= 1962 FIFA World Cup qualification – UEFA Group 7 =

Football tournament

The five teams (four of them played with Romania withdrawing) in this group played in a knockout stage on a home-and-away basis. The winner (Italy) qualified for the seventh FIFA World Cup held in Chile.
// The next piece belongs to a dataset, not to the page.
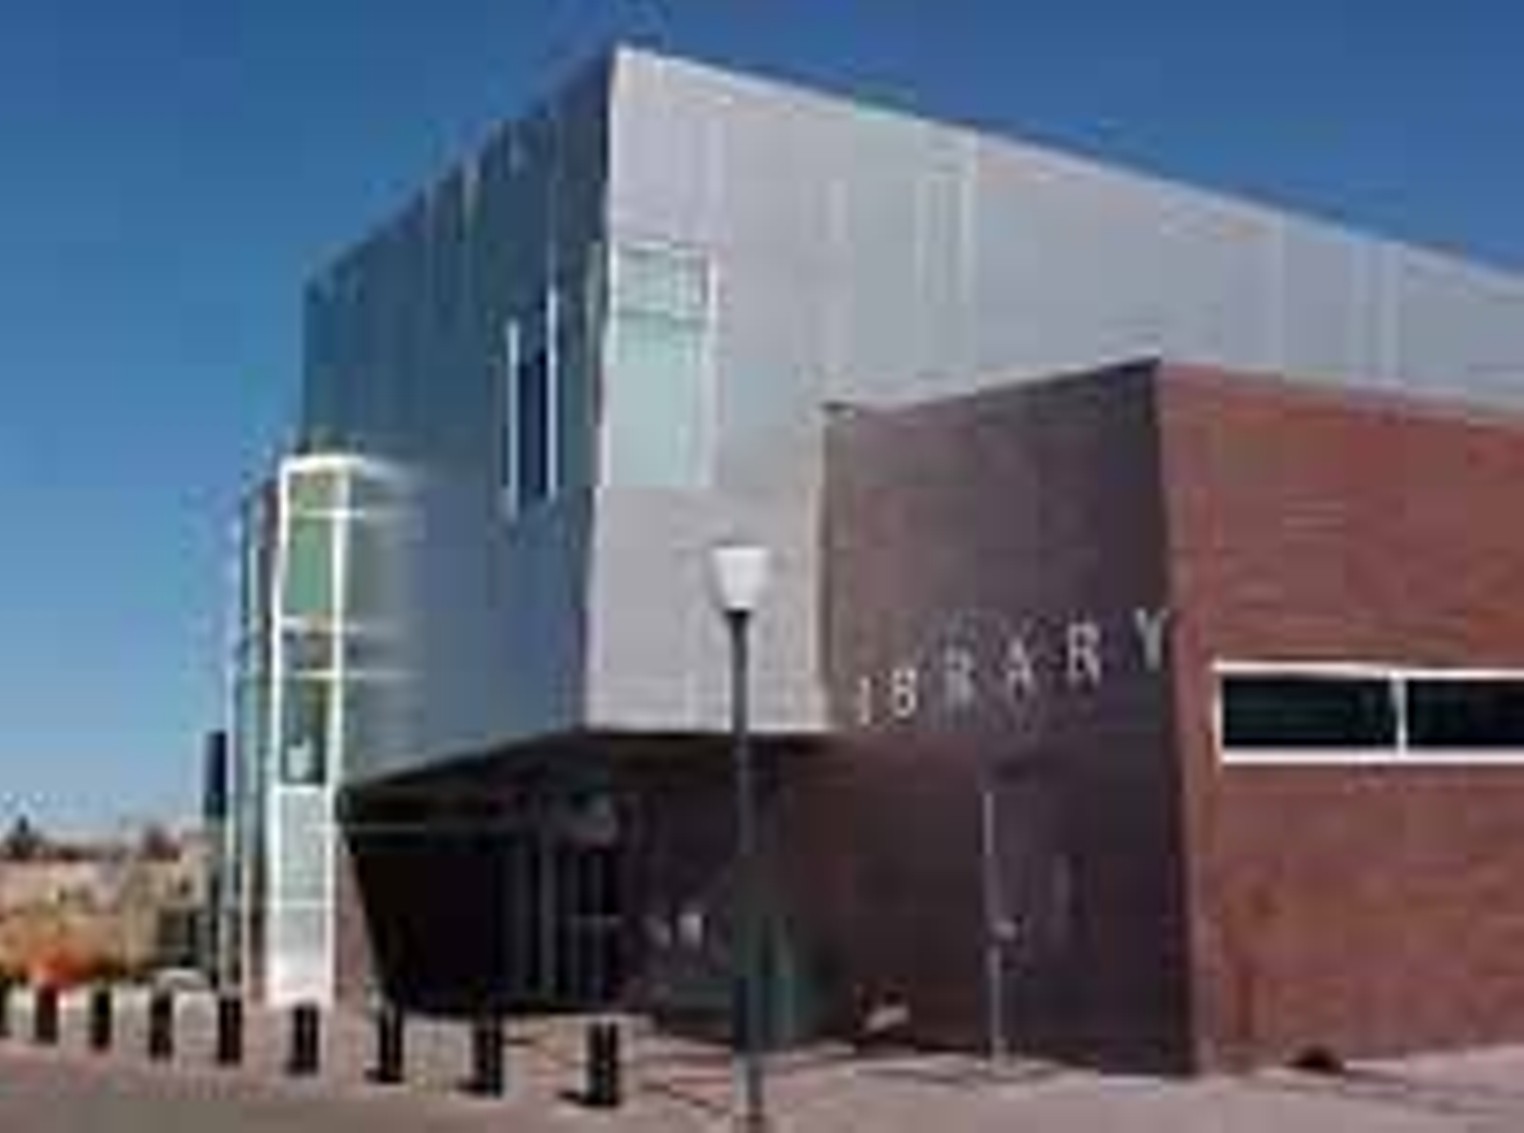 Best Public-Library Music Section 2003 Schlessman Family Branch Library Best of Denver® Best Restaurants, Bars, Clubs, Music and Stores in Denver Westword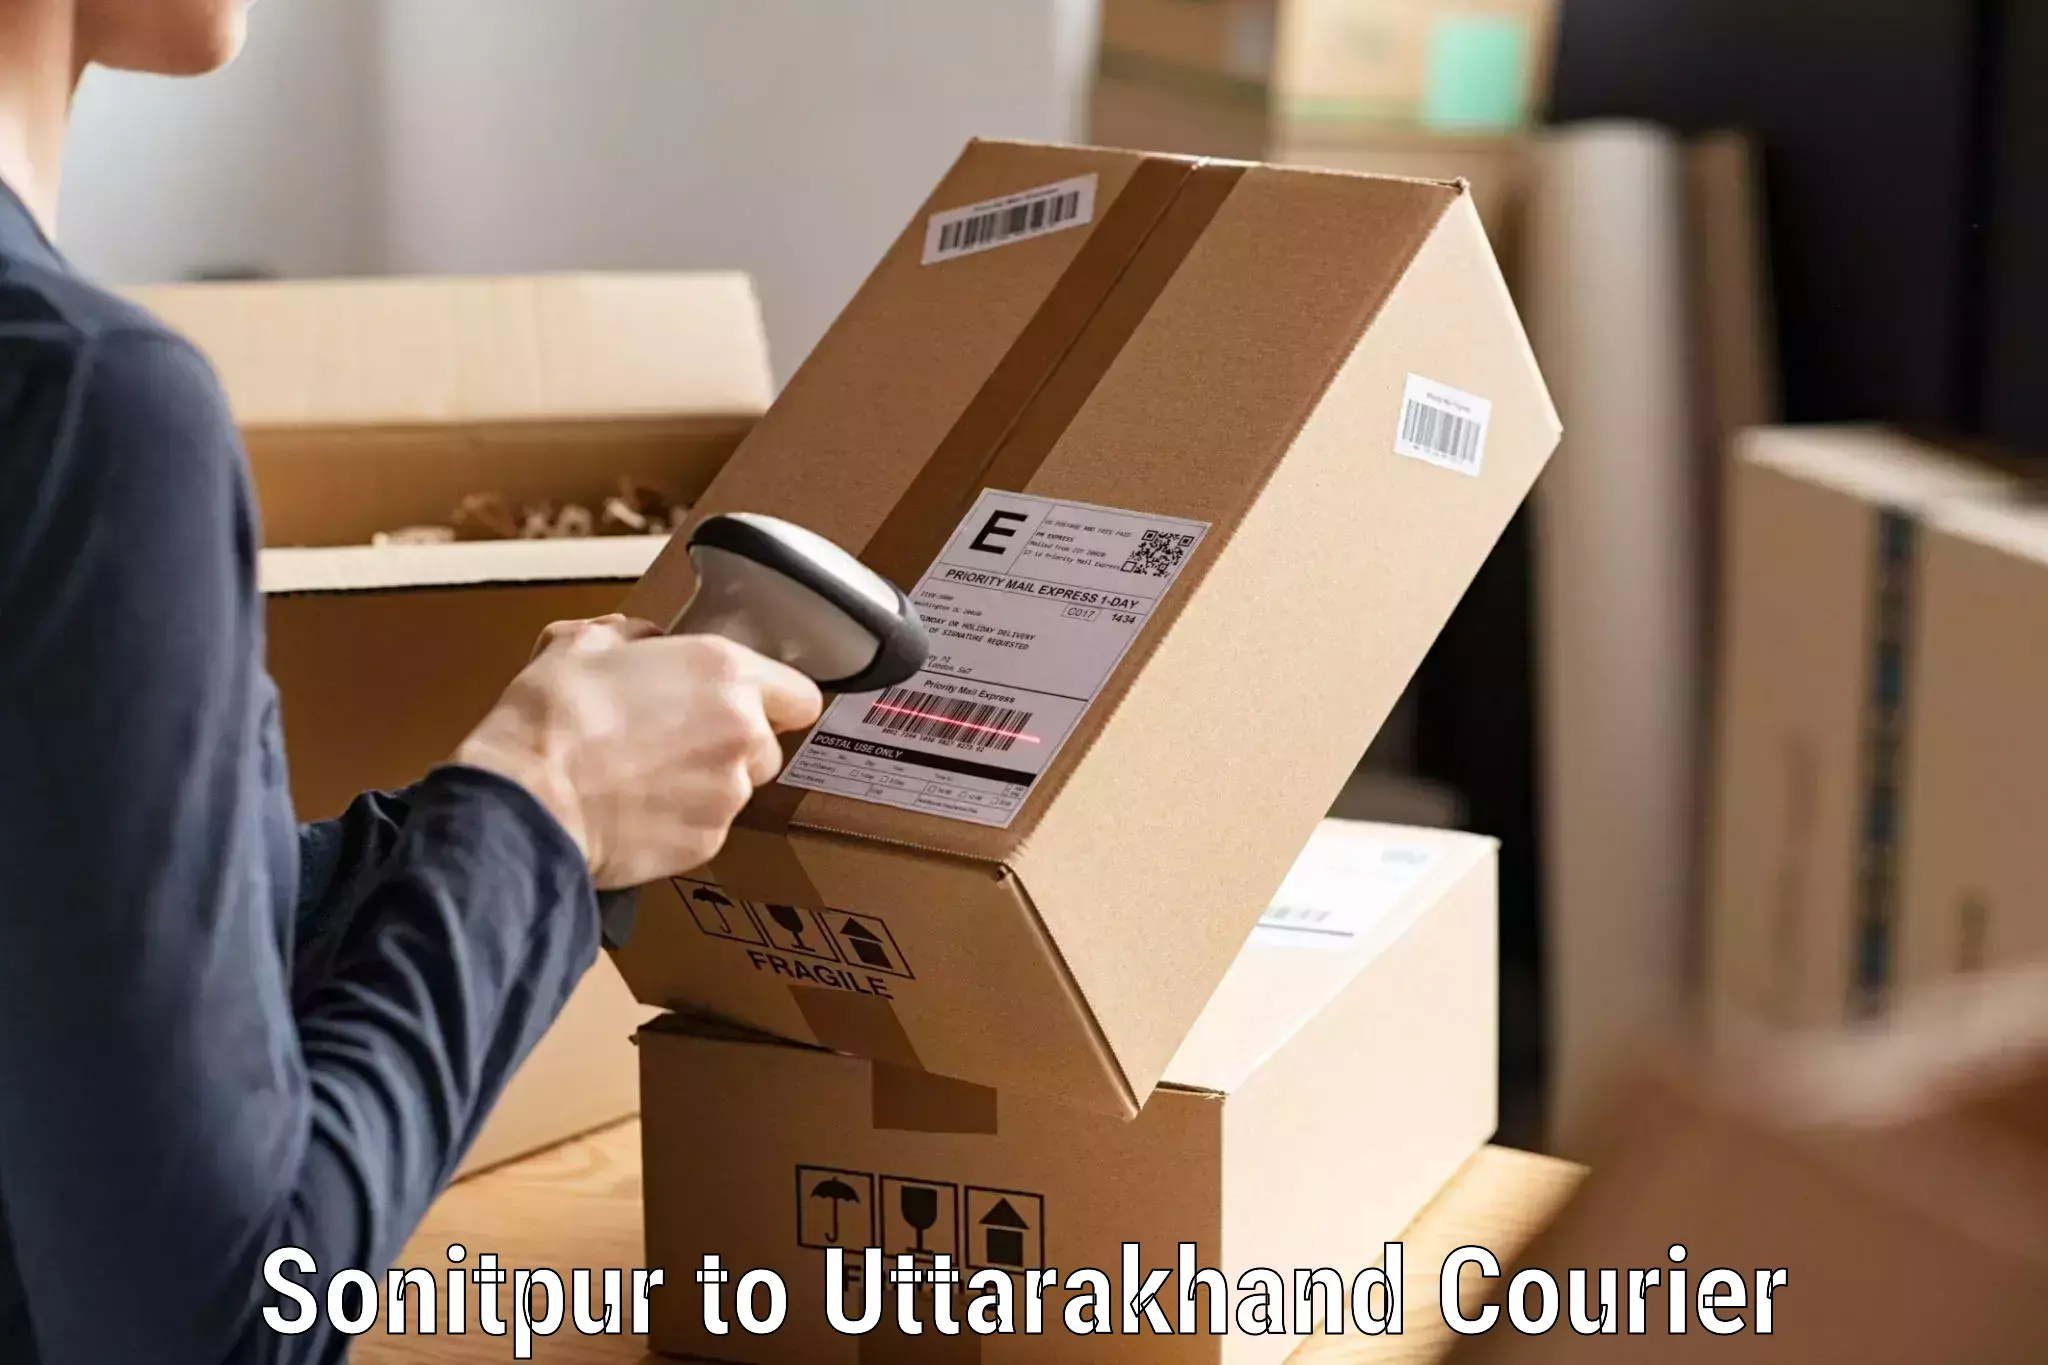 Dynamic courier operations Sonitpur to Haridwar

This was a special group which included two UEFA countries located geographically in Asia (Cyprus and Israel) and one CAF country located in Africa (Ethiopia), in addition to two European UEFA teams (Romania who withdrew without playing any games, and Italy who won the group.)

==Matches==

===First round===

13 November 1960
CYP 1-1 ISR
  CYP: Yasemis 29'
  ISR: Kofman 31'
----
27 November 1960
ISR 6-1 CYP
  ISR: Levi 14', 30', 66', Stelmach 61', 88', Nahari 34'
  CYP: Yasemis 89' (pen.)
Israel win 7–2 on aggregate.

===Second round===
The Addis Ababa Stadium was being renovated in preparation for the 1962 African Cup of Nations, so Ethiopia lacked a suitable home venue, and agreed to play both games in Israel.
14 March 1961
ISR 1-0 ETH
  ISR: Glazer 69'
----
19 March 1961
ISR 3-2 ETH
  ISR: Glazer 27', 77', Stelmach 59'
  ETH: Awad 31', Vassalo 64'

Israel win 4–2 on aggregate.

===Final round===

15 October 1961
ISR 2-4 ITA
  ISR: Stelmach 15', Young 38'
  ITA: Lojacono 53' (pen.), Altafini 79', Corso 87', 90'
----
4 November 1961
ITA 6-0 ISR
  ITA: Sivori 16', 52', 65', 88', Corso 59', Angelillo 69'
Italy win 10–2 on aggregate.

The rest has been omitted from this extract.